Earliest European settlers
Romney was initially settled by hunters and traders around 1725. In 1738, John Pearsall (or Pearsoll) and his brother Job built homes and in 1758 a fort (Fort Pearsall) for defense against Native Americans in present-day Romney. Their settlement was then known as Pearsall's Flats. In 1748, Thomas Fairfax, 6th Lord Fairfax of Cameron sent a surveying party, including 16-year-old George Washington, to survey his lands along the Potomac and South Branch Potomac rivers. Washington spent three summers and falls surveying Lord Fairfax's Northern Neck estate, which included all of the present-day Eastern Panhandle of West Virginia. In April 1748, he laid off several lots in an area known as the Trough, about  south of Romney, and he is known to have been in present-day Romney on October 19, 1749. Oral traditions claimed that Washington laid present-day Romney out into lots at that time, but written records from that era indicate that Romney was surveyed and laid out into lots by James Genn prior to Washington's arrival. Genn was also employed by Lord Fairfax.

18th century Hampshire County
In 1756, Fort Pearsall was constructed on Job Pearsall's plantation for protection against Native American raids and George Washington provisioned and garrisoned the Fort at various times until 1758. At that time, there were at least 100 people living in the general area. Following the end of hostilities in the area, Lord Fairfax recognized that more settlers would be interested in moving into the area and that he could earn some extra revenue by selling plots in the town. He sent a survey party to Romney in 1762 to formally lay out the town into 100 lots. At that time, he renamed the town Romney, in honor of the Cinque Ports city on the English Channel in Kent.

Confusion ensued for several decades concerning land ownership within the town, as counterclaims were made by the original settlers, and those who purchased lots laid out by Lord Fairfax's surveyors.

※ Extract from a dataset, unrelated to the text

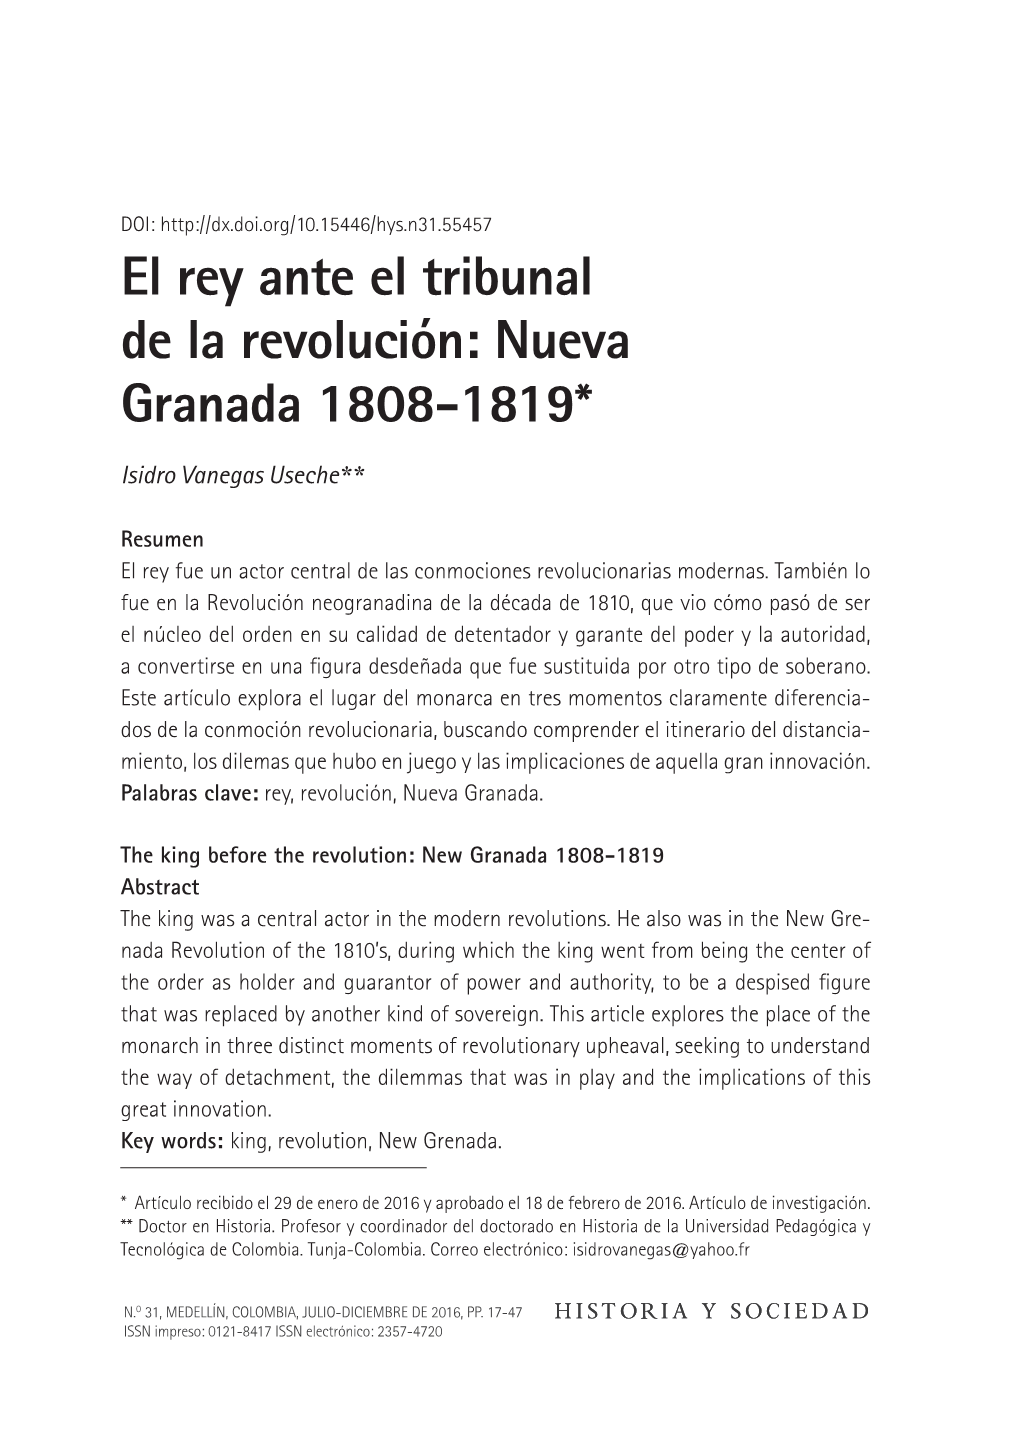 El Rey Ante El Tribunal De La Revolución: Nueva Granada 1808-1819*
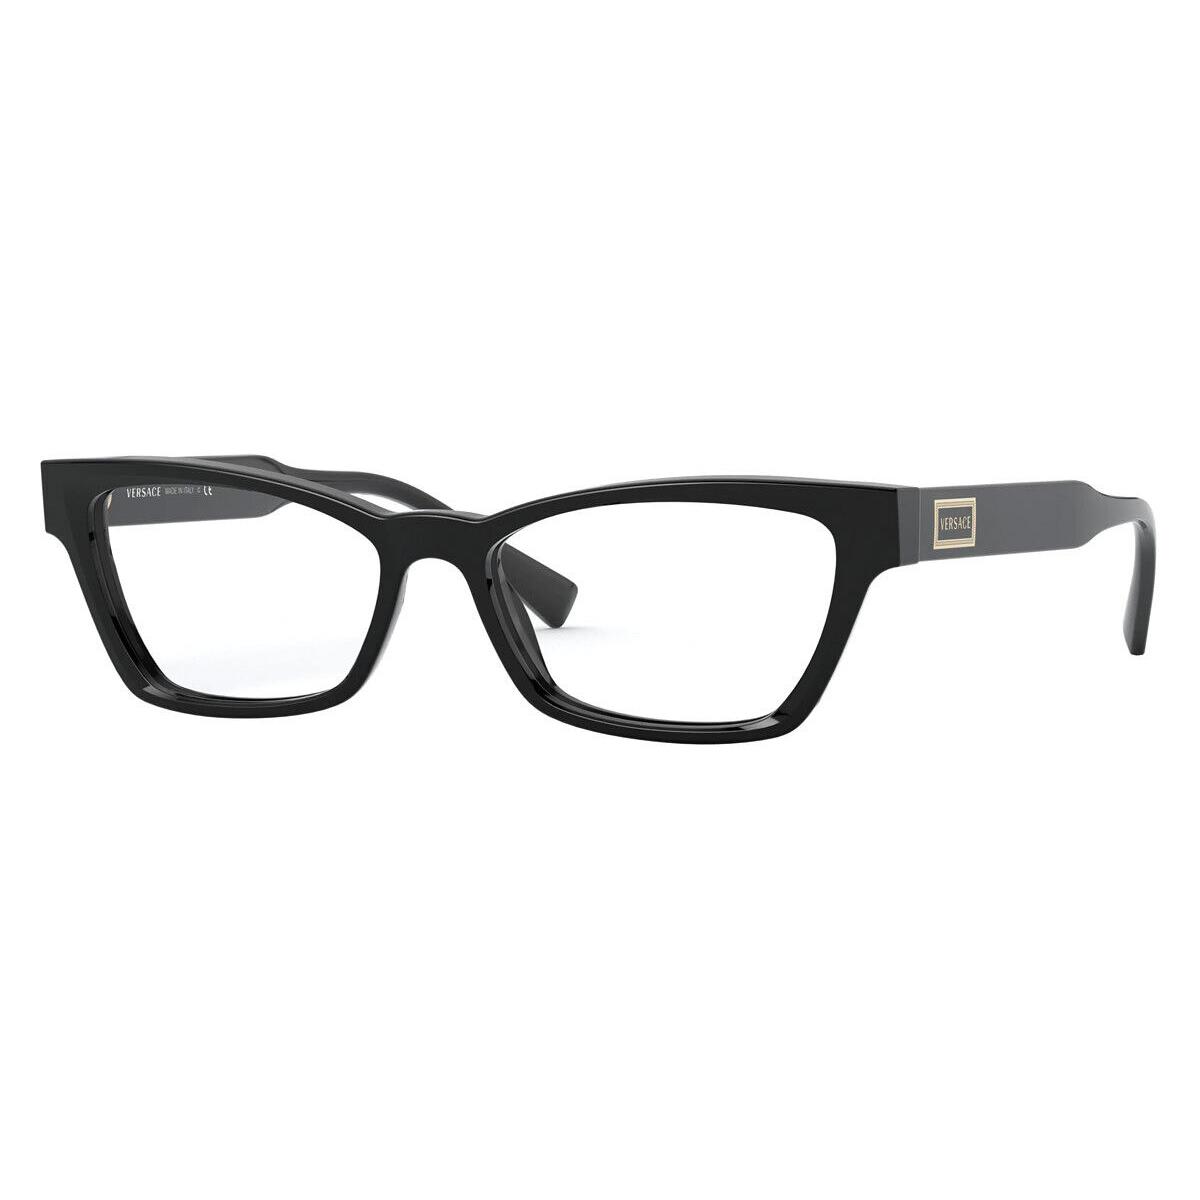 Versace Eyeglasses Ve3275 Gb1 Black Full Rim Frames 53mm Rx Able Versace Eyeglasses Black

The first meeting of the Hampshire County Court was held in 1757, at Fort Pleasant, now Old Fields in Hardy County, and was presided by the Right Honorable Thomas Bryan Martin, Lord Fairfax's nephew. By that time, Hampshire County's population had fallen dramatically as most of the settlers had fled the county in fear of the Native Americans. The only families remaining lived near Fort Pearsall, near present-day Romney, and Fort Edwards, at present-day Capon Bridge on the Cacapon River. The vast majority of the remaining settlers, however, were in the vicinity of present Old Fields-Moorefield-Petersburg and were protected by the several forts in the area, including Fort Pleasant

Once the Native Americans were defeated at the Battle of Point Pleasant in 1774 settlers, once again, returned to the county. Additionally, with the end of the American Revolution, the Virginia Legislature nullified the English grant to Lord Fairfax in the region. The legislature gave fee simple grants to settlers who already had contracts with Lord Fairfax, and opened up the remaining lands as public domain open to settlement. By 1790, when the first national census was taken, Hampshire County had 7,346 residents, making it the second most populous county in the present state of West Virginia at that time. Berkeley was the most populous county, with 19,713 people. There were nine counties that comprised the present state, with a total population of 55,873 people.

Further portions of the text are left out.